ASSIGNMENT
Under this line are the records; write out word for word the part that begins at the line containing "Česká televize - Sputnik" and ends at the line containing "我的猫好瘦而且鼻子颜色变浅了是不是生病了?", and no more.

GIVEN RECORDS
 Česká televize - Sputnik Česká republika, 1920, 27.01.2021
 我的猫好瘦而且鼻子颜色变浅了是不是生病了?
...
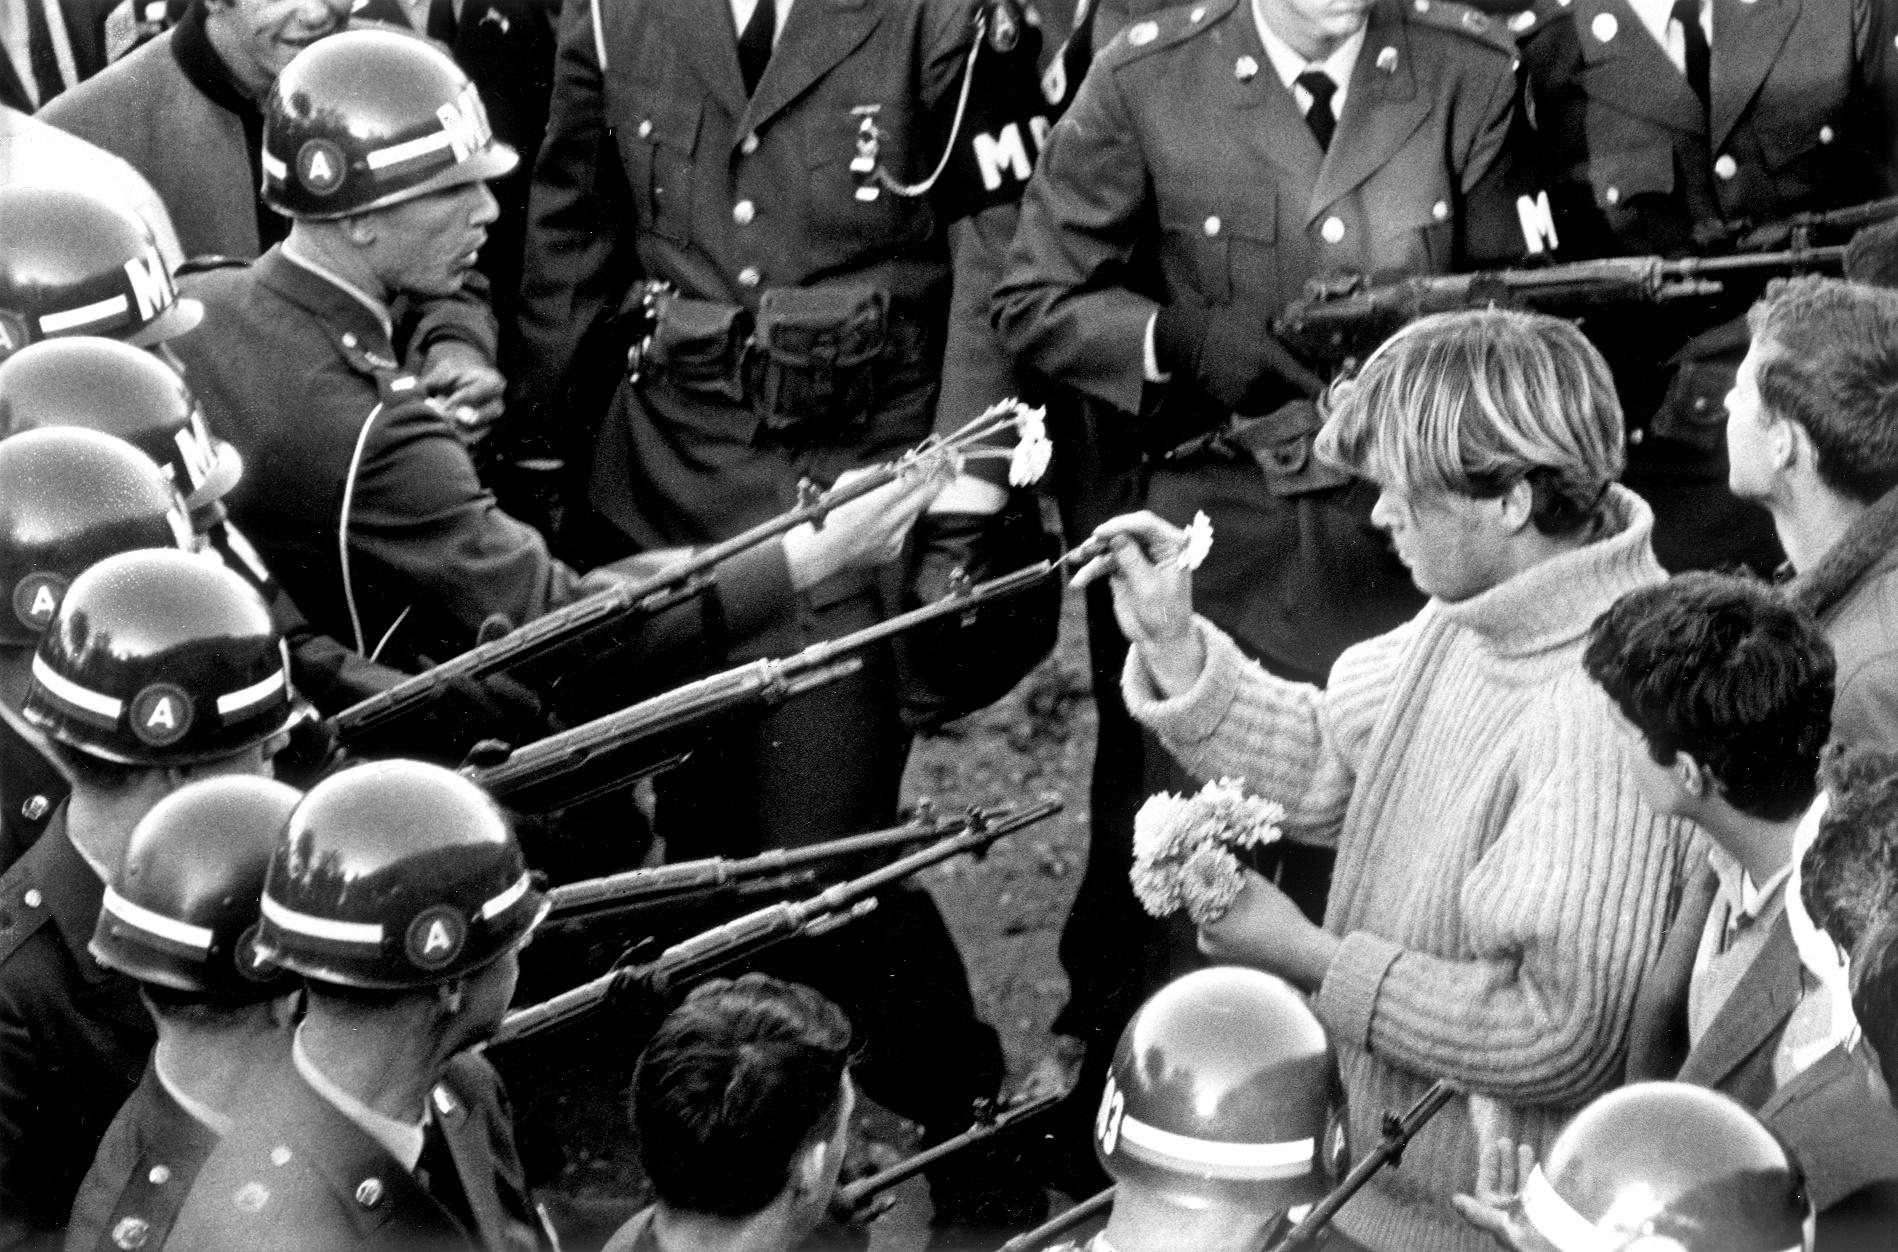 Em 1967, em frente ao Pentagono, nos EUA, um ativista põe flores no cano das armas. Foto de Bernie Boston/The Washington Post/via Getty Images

RESULT OF THIS EXERCISE
 Česká televize - Sputnik Česká republika, 1920, 27.01.2021
 我的猫好瘦而且鼻子颜色变浅了是不是生病了?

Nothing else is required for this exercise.